Halloween Heaven

Halloween is a holiday I feel like I’ve only been able to embrace since becoming middle-aged. Because we did NOT celebrate The Devil’s Holiday growing up – no, no.

The first time I remember going trick-or-treating was when I was maybe 10, and I talked my mom into letting me go with a neighbor friend, Sue Leach, because we were going to “Trick-or-Treat for Unicef” to raise money for third world countries. Of course, we took our candy bags “just in case.” We were dressed the same – as black cats (which was a little scary-ish but also…just an animal, so Mom allowed it), and it was sooooo fun (and a little frightening at the Fugates because I was convinced their mom was a witch!).

Our family celebrated Halloween in “Christian-approved” ways. We got to dress up every year for school, we played a game of finding candy around the house like Easter eggs, and of course we went to the Halloween Harvest Festivals (by the way, that’s fooling nobody) at the church.  So there was SOME fun around Halloween, but nothing scary was allowed.  I had to be a princess, doll, nurse or Biblical character – nothing satanic like a witch, ghost (not even the Holy Ghost) or superhero (unless it was Jesus).

SCAN0070
Ken & I headed to school on Halloween, circa 1973 maybe?

So now, because I was so deprived as a child, I think I go overboard.  I dress up every year, and I decorate for Halloween as much or maybe more than I do for Christmas.  I have witches and ghosts and severed hands and all things “of the devil.”  I even have a haunted basement, people! What is wrong with me??

My recent costumes

And it’s not like I “learned from that experience” and made my parenting so much different.  Nope, I did all that shiz too. Sorry kids! But my daughter, who should have followed in my footsteps of becoming obsessed with Halloween and dressing up?  No, my grandson’s costume for two years in a row is a sheet with 2 eyeholes – how did I fail?

ghost1

Our next door neighbor, Lucy, who’s 4, also loves everything Halloween, or everything “spooky” as she calls it.  She frequently comes over and wants to see if I have put out anything new – “Do you have any new skelekens?” she asks, and while she’s scared of the basement, she still wants to go down there every time she visits.
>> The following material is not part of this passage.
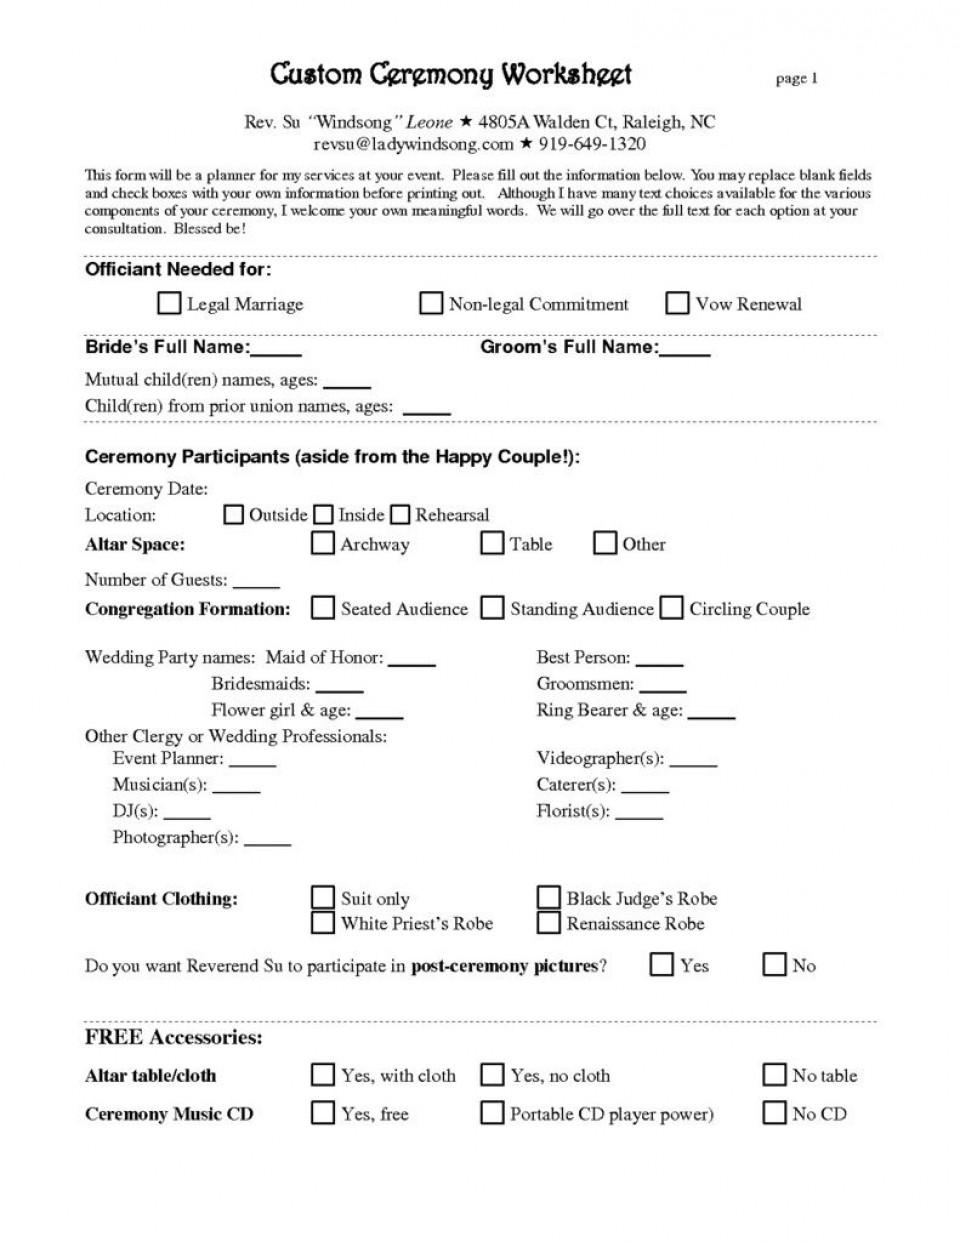 008 Amazing Wedding Planner Contract Template Concept  Uk Australia960

Yep, I can relate.

I love thriller and horror movies for the same reason.  Not cheap horror movies where everyone gets killed for no reason at all, but the “Saw” series? Yes, please. American Horror Story, Psycho, and everything Stephen King – I can’t get enough! Mind-bending suspense and scariness that makes me clutch all my pearls.

But truly, the scariest part about Halloween?  The candy!  Snickers, Almond Joy and Butterfingers – get thee behind me, Satan!! The amounts of sugar we consume during the week of Halloween is truly frightening. That’s what Christians should be against, since I’m guessing there’s more in the Bible about gluttony than about Halloween-ish things, like: “Put a knife to your throat if you are given to gluttony” (Proverbs 23:2). And in Job, one of the characteristics of a person from whom God has withdrawn a blessing is that “his face is covered with fat and his waist bulges with flesh.” Holy Biblical Literalist Hypocrites, Batman – I bet you never had to memorize those verses in Sunday School!

candy

If you’re not yet spiritually mature in the area of Halloween and all things scary, I’m not sure how I can help you, but I’ll pray that you can overcome your fears or hangups or whatever is causing you to reject God’s Shekinah Glory that is Halloween.

But seriously, for freedom Christ has set us free; stand fast therefore, and do not submit again to the yoke of slavery that says Halloween and demonic things like trick-or-treating are devil-worshipping, Satan-channeling evil activities that will send us straight to hell. (I think that’s from The Message.)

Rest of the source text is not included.